- **Your assignment**
All lines below starting at the one that holds "Lễ ký kết hợp" and ending at the one that holds "Otter mascot costume" should be printed exactly, ends included. Pictures should not be printed, nor anything else.

- **Supplied material**
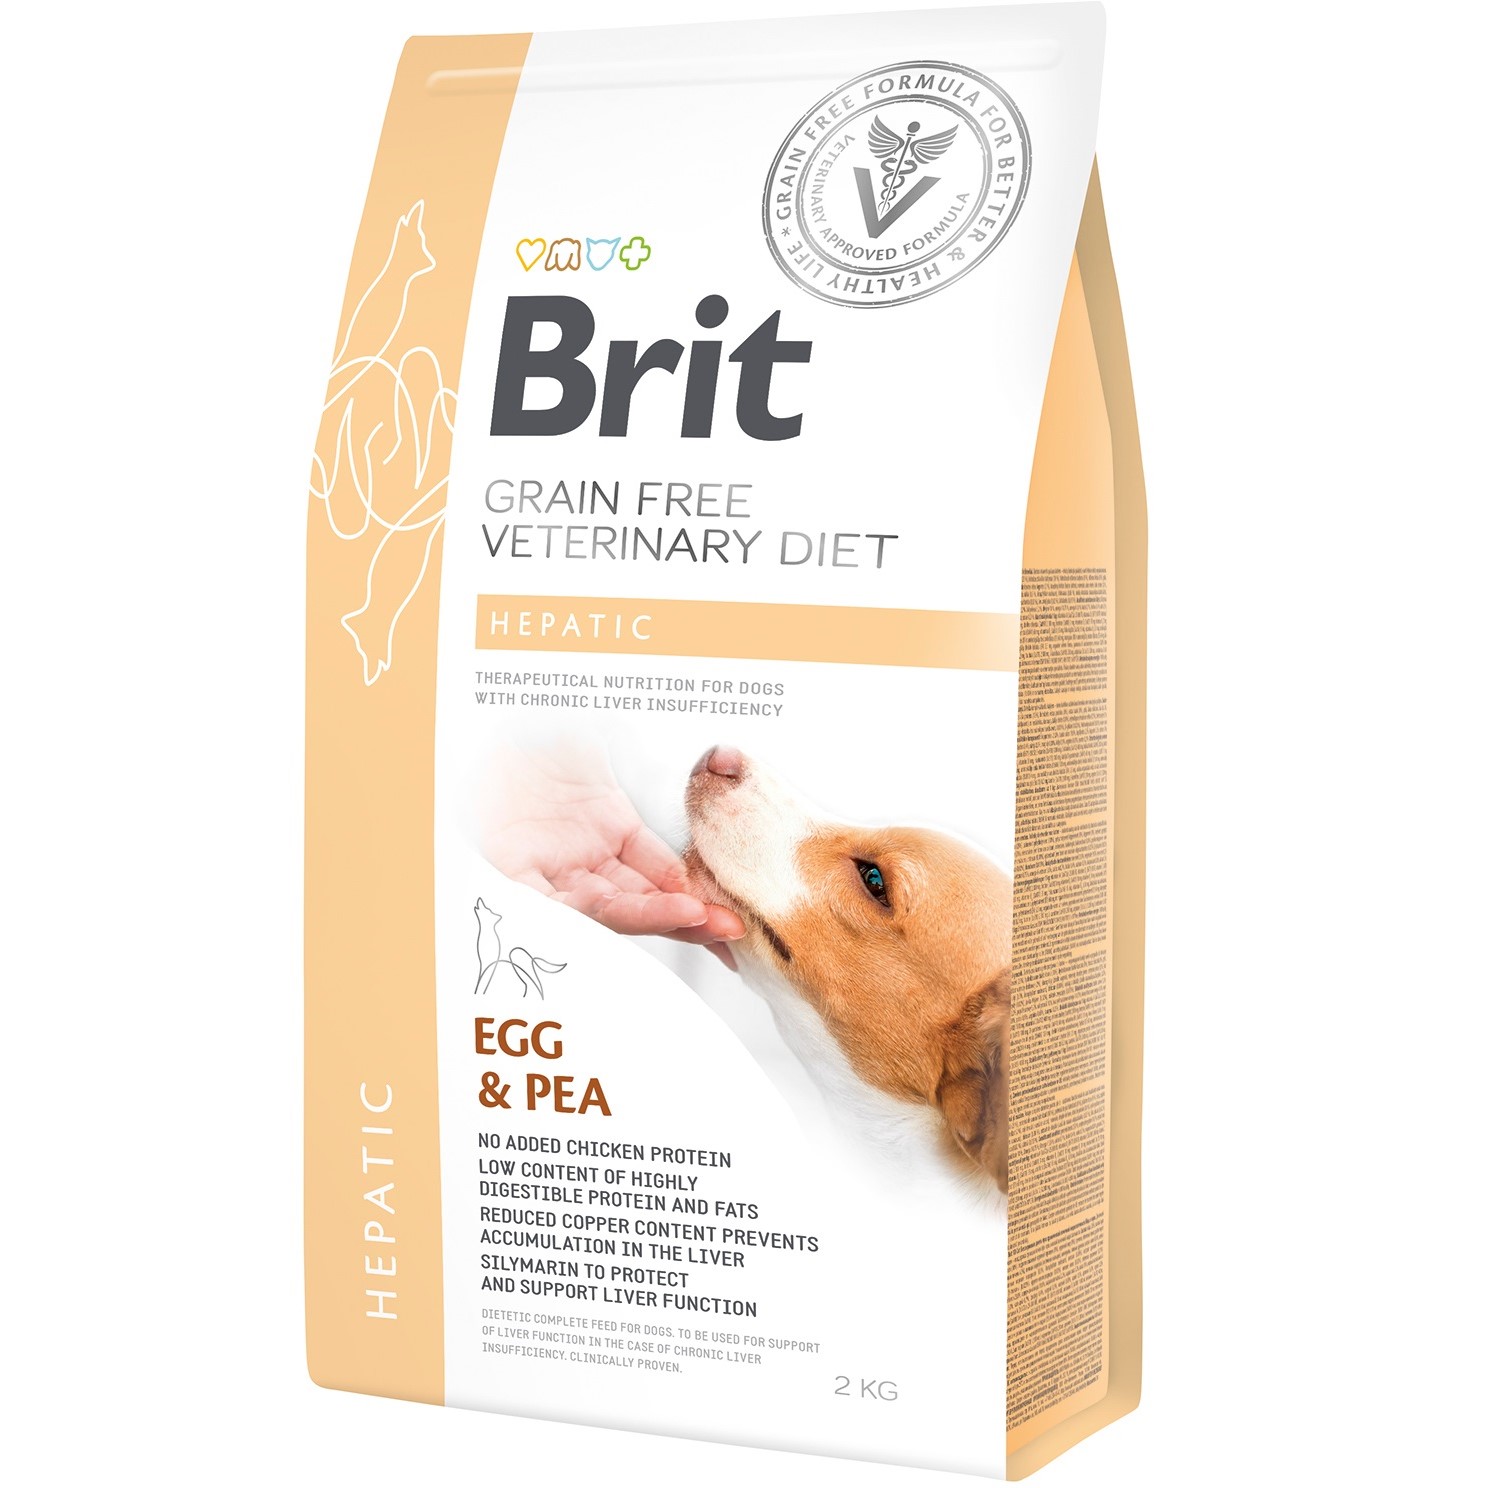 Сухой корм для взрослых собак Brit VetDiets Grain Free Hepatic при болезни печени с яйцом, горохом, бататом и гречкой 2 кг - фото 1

---

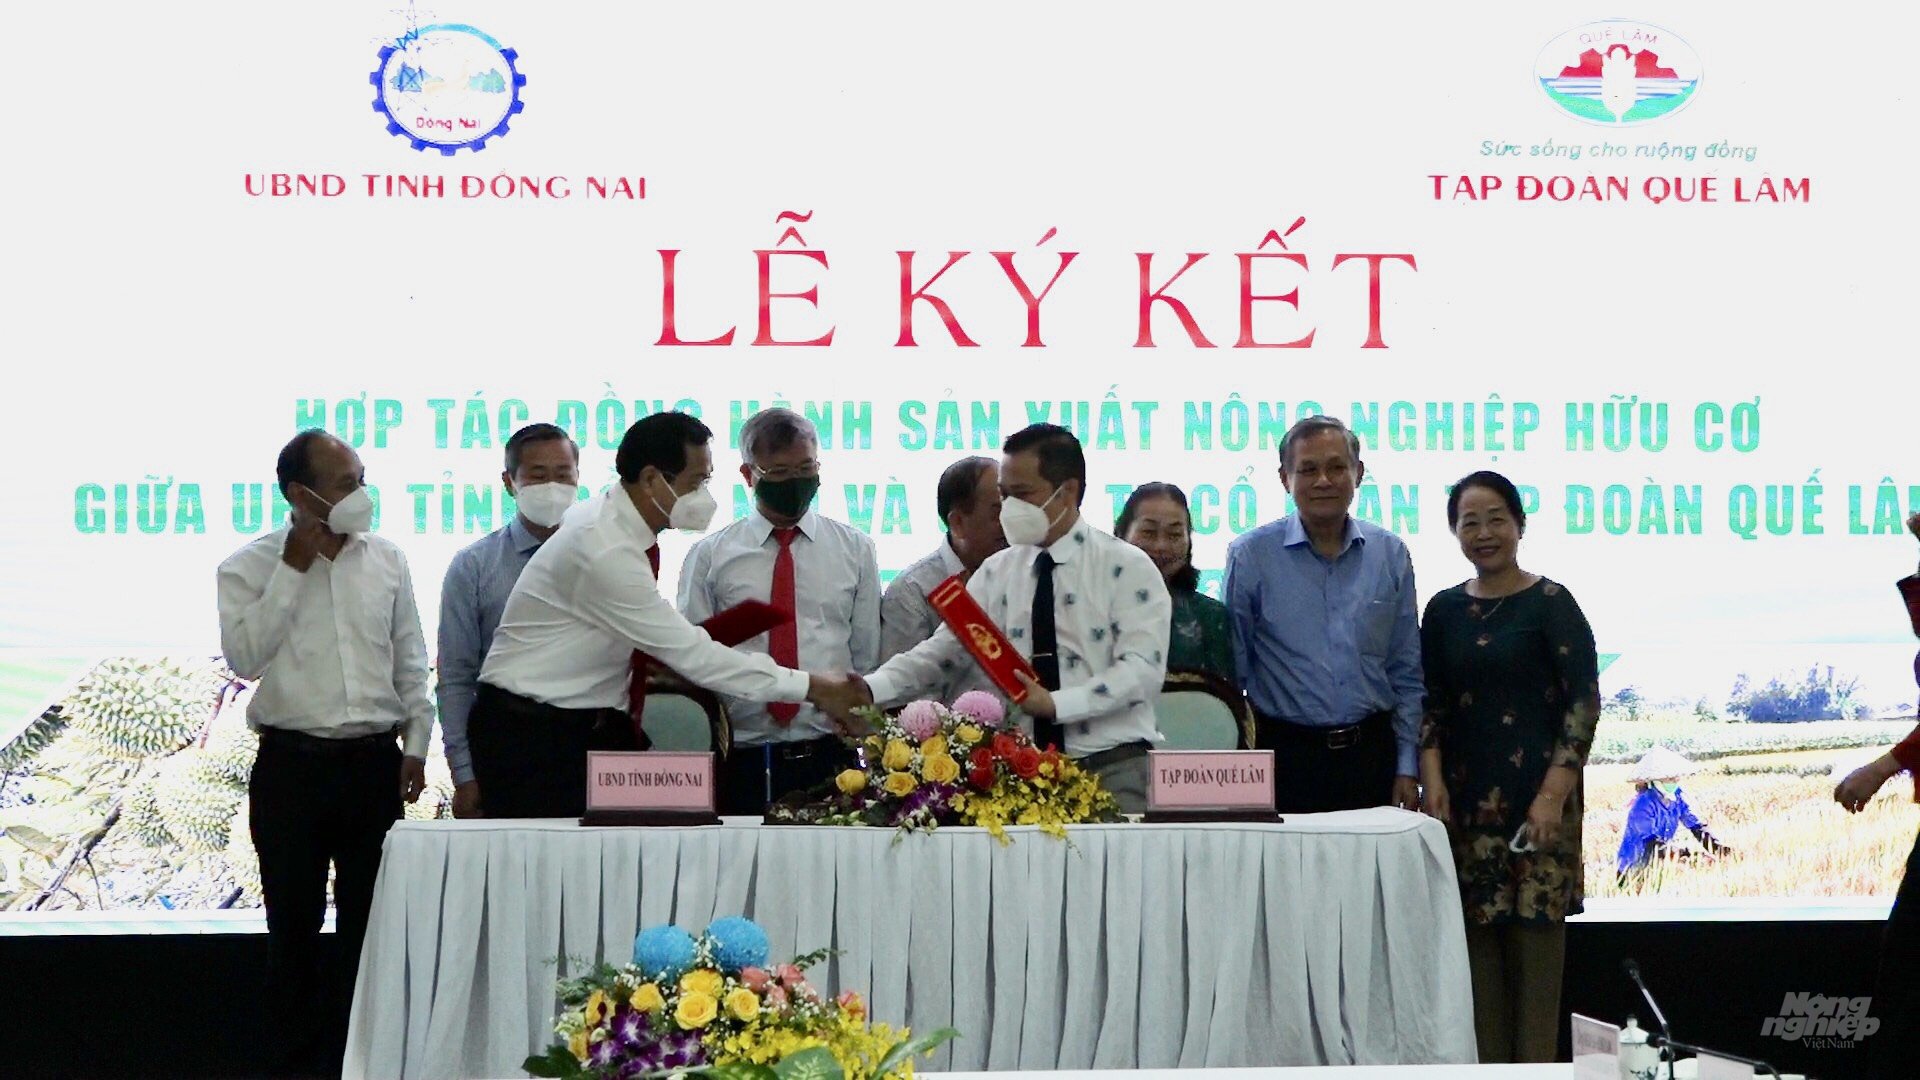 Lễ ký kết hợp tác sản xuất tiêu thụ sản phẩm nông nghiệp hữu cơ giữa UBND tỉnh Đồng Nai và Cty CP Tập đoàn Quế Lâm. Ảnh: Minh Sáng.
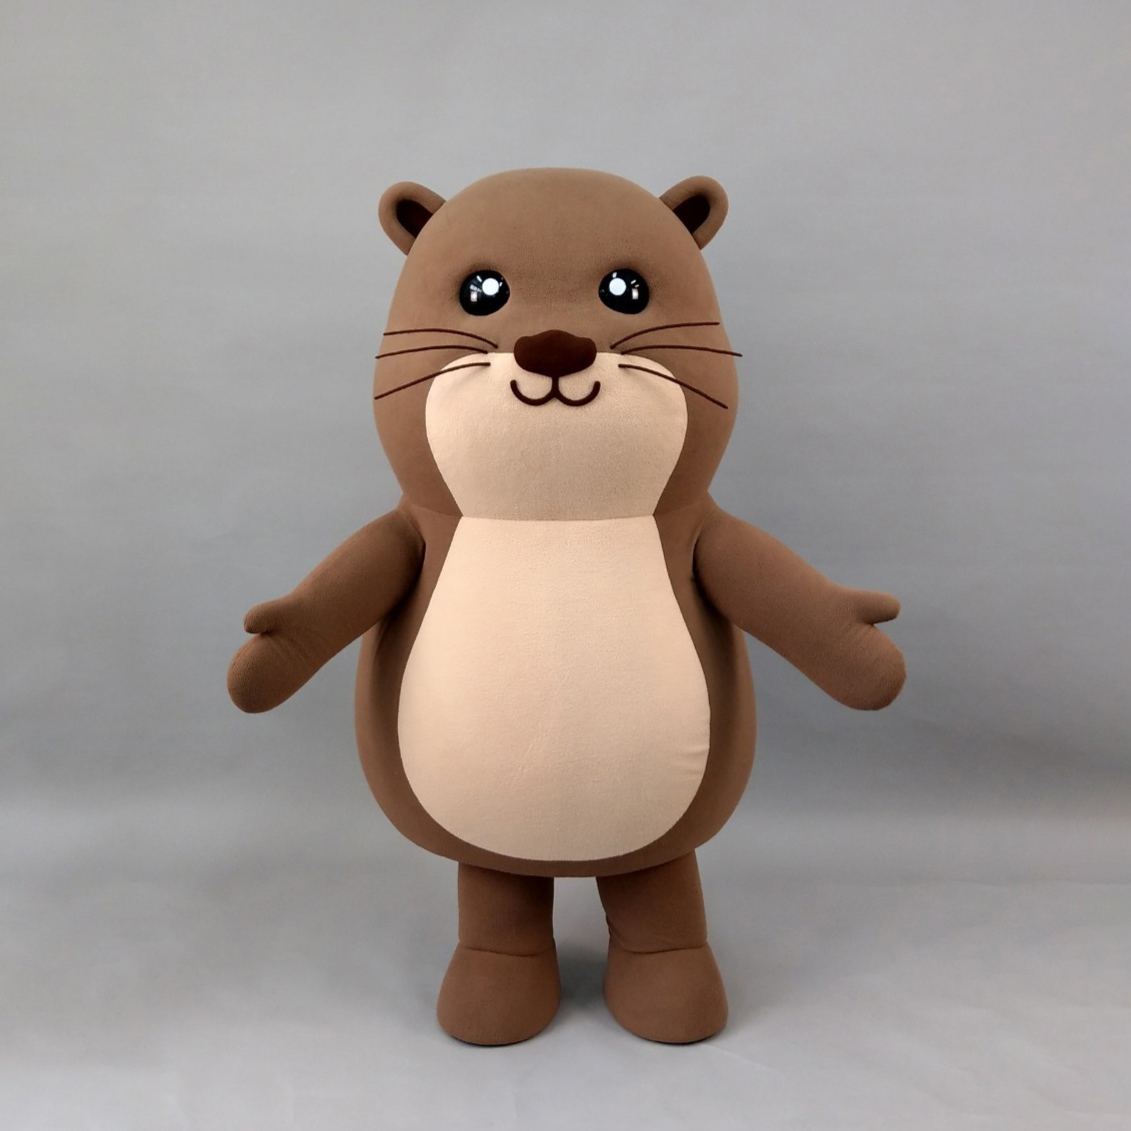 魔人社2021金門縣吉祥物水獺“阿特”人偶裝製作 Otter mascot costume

- **Exercise response**
 Lễ ký kết hợp tác sản xuất tiêu thụ sản phẩm nông nghiệp hữu cơ giữa UBND tỉnh Đồng Nai và Cty CP Tập đoàn Quế Lâm. Ảnh: Minh Sáng.
 魔人社2021金門縣吉祥物水獺“阿特”人偶裝製作 Otter mascot costume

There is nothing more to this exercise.